Here's how to lower your blood pressure without using medication

Many dangers of smoking include high blood pressure. Quitting nicotine and tobacco is one of the finest things you can do for your hypertension and health, lowering your chances of heart attack, stroke, and respiratory disorders.

According to the AHA, Exercise is one of the best strategies to lower blood pressure, with some studies showing roughly comparable benefits from aerobic exercise and medicines.

Small amounts of red wine or other alcohol may lower blood pressure, but excessive use might raise it and increase hypertension risk. Limit drinks to 1-2 and stay hydrated with water.

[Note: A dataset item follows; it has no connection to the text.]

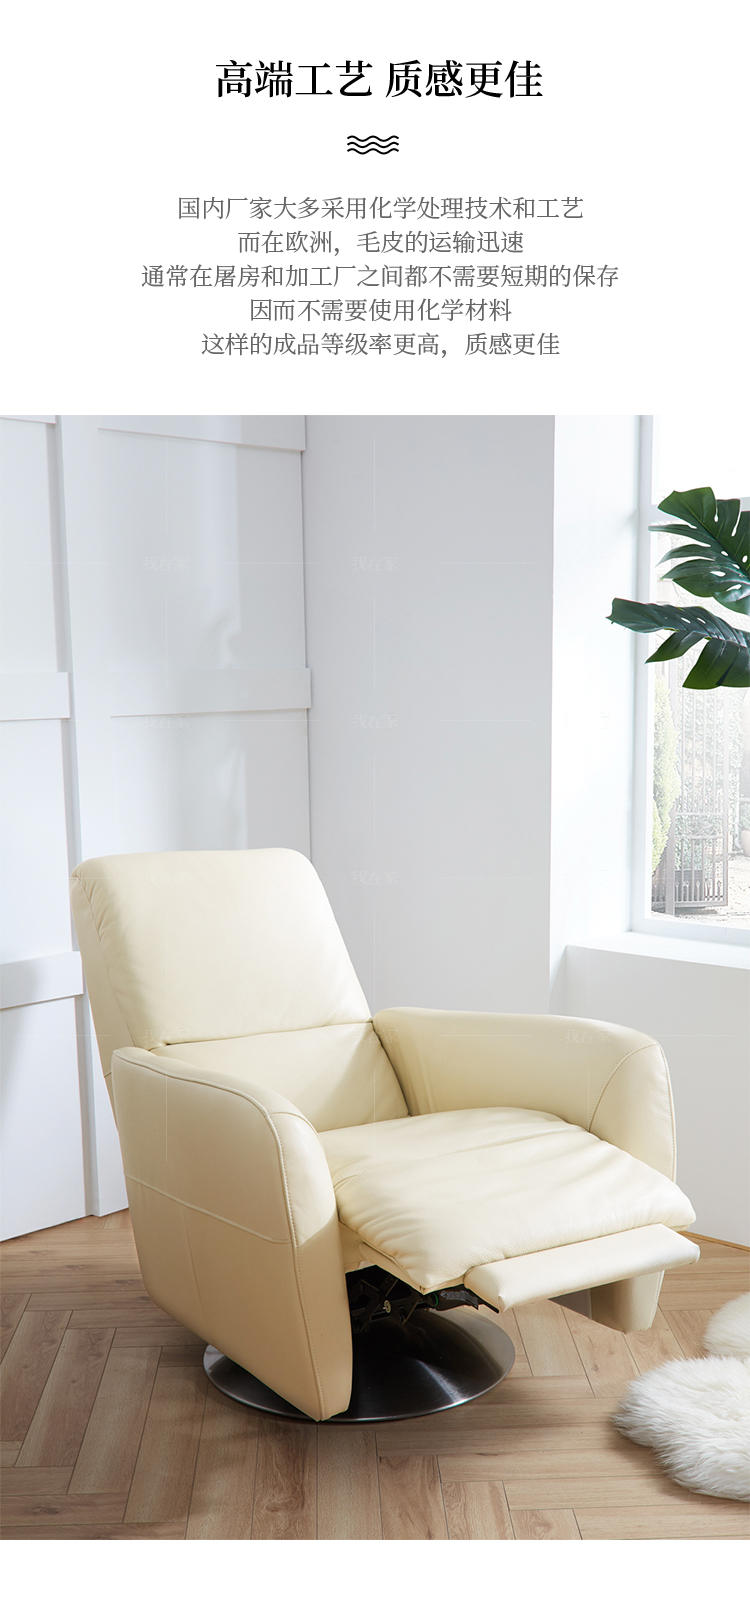 现代简约风格蒙特休闲椅的家具详细介绍

The DASH diet is aimed to prevent or treat hypertension and reduce heart disease and stroke risk. The DASH diet’s sodium limit, 2,300 mg or 1 teaspoon per day for the standard version and 1,500 mg or 3/4 of a teaspoon for the lower-salt version

Caffeine raises heart rate and blood pressure. If your favorite coffee makes you feel jittery, try decaf or herbal tea.

Being overweight can cause many problems, including hypertension. Studies show that overweight and obese people who lose weight lower blood pressure and improve other health markers

Processed foods, salt, and sugar raise blood pressure by retaining water. Eat fresh produce, lean proteins, fruits, legumes, nuts, seeds, and eggs. Fatty fish provides omega-3 fatty acids, which reduce inflammation and blood pressure.